Privacy-Preserving Machine Learning: A Primer

I have a bit of a cybersecurity background, so a year or two ago I started paying attention to how often data breaches happen - and I noticed something depressing: they happen literally 3+ times each day on average in the United States alone! (For a particularly sobering review check out this blog post.) All that information, your information, is out there, floating through the ether of the internet, along with much of my information: email addresses, old passwords, and phone numbers.

Governments, countries, and individuals - with good reason - are taking notice and making changes. The GDPR was groundbreaking in its comprehension, but hardly alone in its goal to shape policy surrounding individual data rights.
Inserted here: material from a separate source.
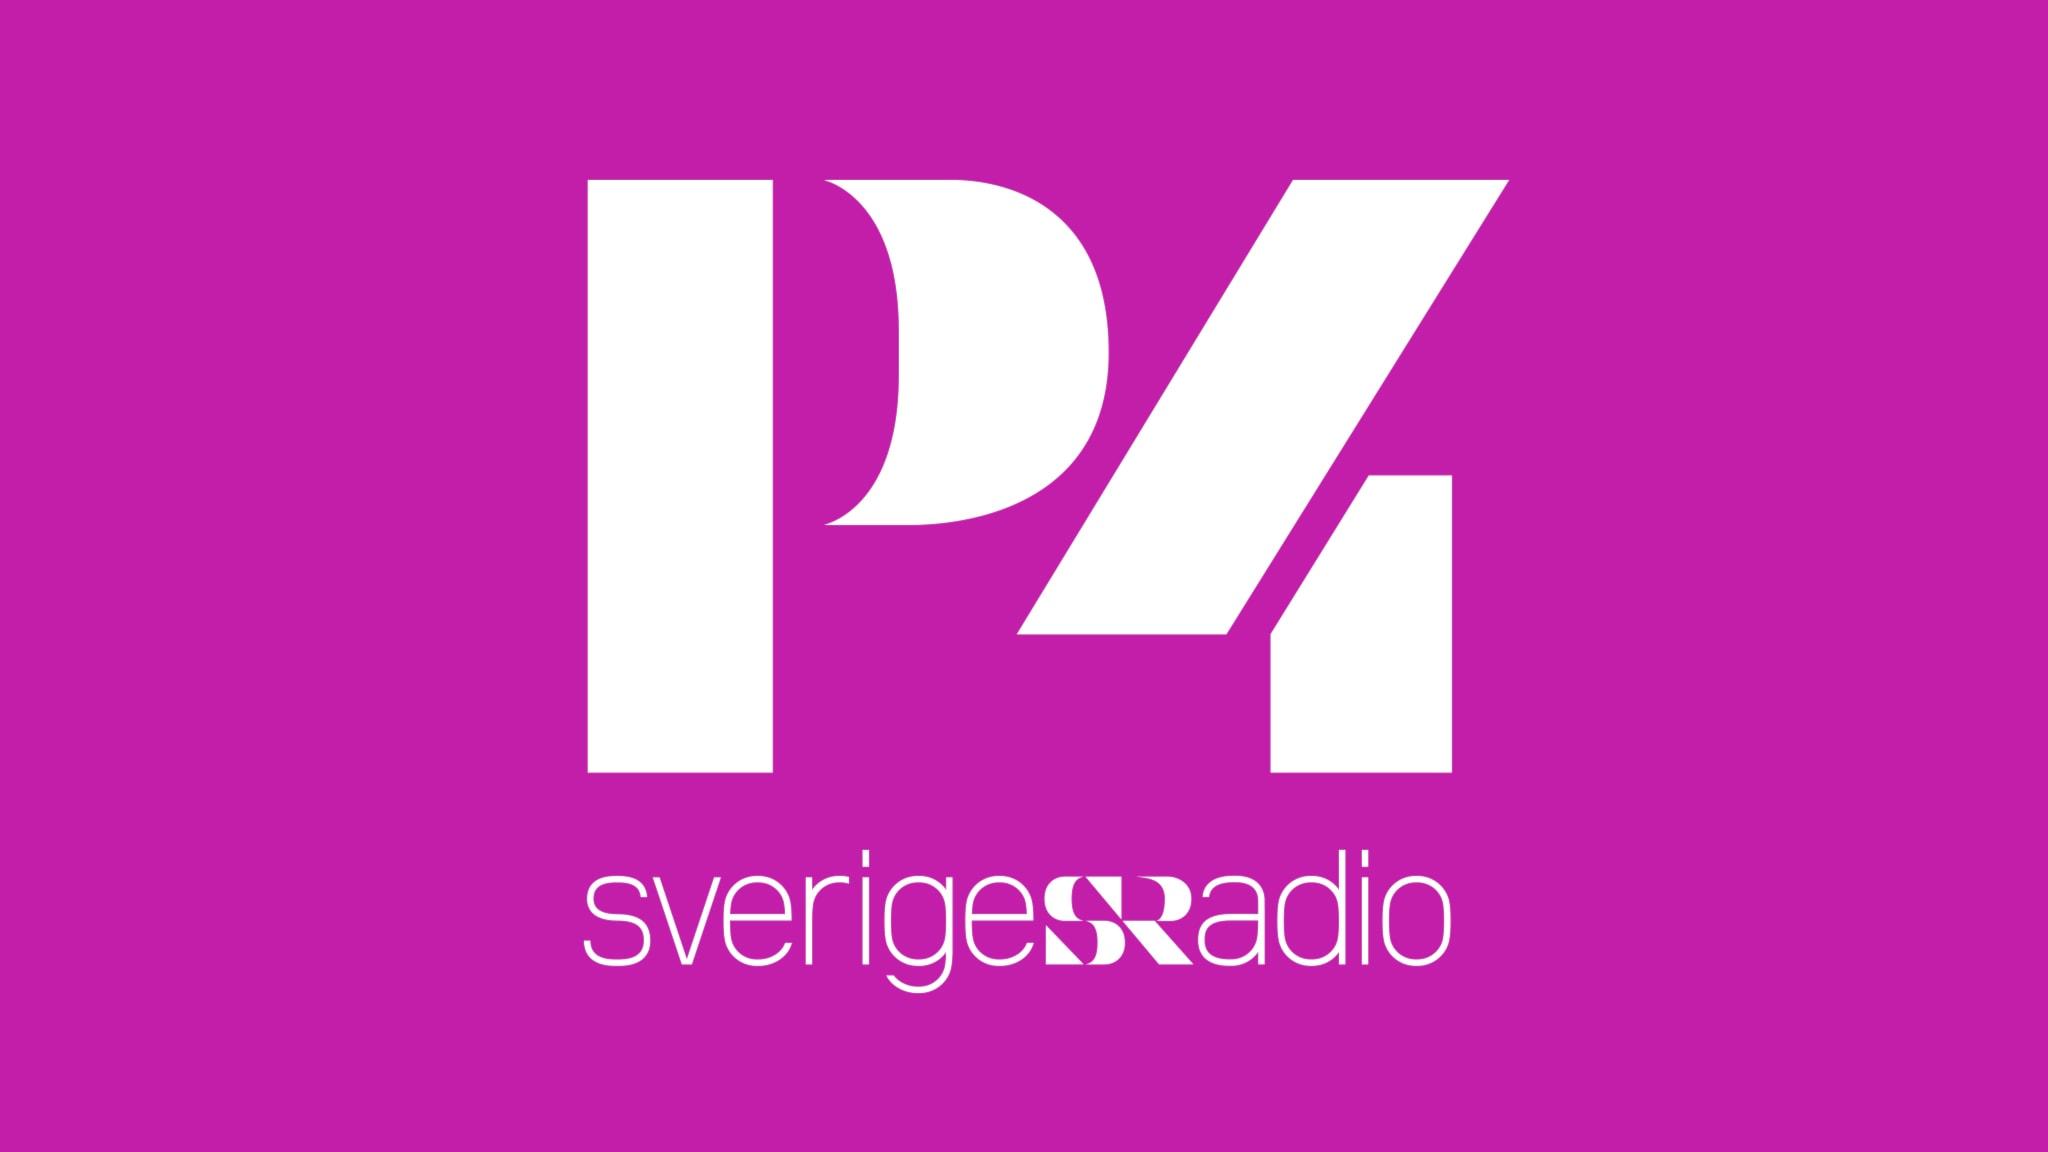 Trafik P4 Göteborg 20180706 10.13 (00.42)

More policies will pass as the notions of individual privacy and data rights are explored, defined, and refined.

So what does this mean for machine learning?
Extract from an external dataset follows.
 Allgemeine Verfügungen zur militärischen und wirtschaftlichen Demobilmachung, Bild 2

Machine learning algorithms are known to be data-hungry, with more sophisticated ML models requiring ever more data in order to learn their objectives (caveat: your ML model may be learning some unintentional things, too!). With the need for so much data, what happens to the privacy of data as it is processed through an ML workflow? Can data stay private? If so: how, and at what cost? This article is by no means comprehensive or exhaustive. It is meant to give the reader an introduction to privacy-preserving techniques developed specifically for ML environments. In future articles, I’ll dive deeper into each of these security topics.

But before we can understand security and privacy solutions, we have to understand some of the threats to data privacy imposed in machine learning workflows.

Threats to Data Privacy from Machine Learning

While there are certainly more threat vectors to ML workflows than we’ll cover here, for now we’ll focus on those that specifically adversely affect the privacy of the underlying data used to train an ML model. That means we won’t cover other types of attacks (like adversarial attacks or data poisoning) as these pertain more to the security of the model itself, rather than to the underlying data on which the model was trained.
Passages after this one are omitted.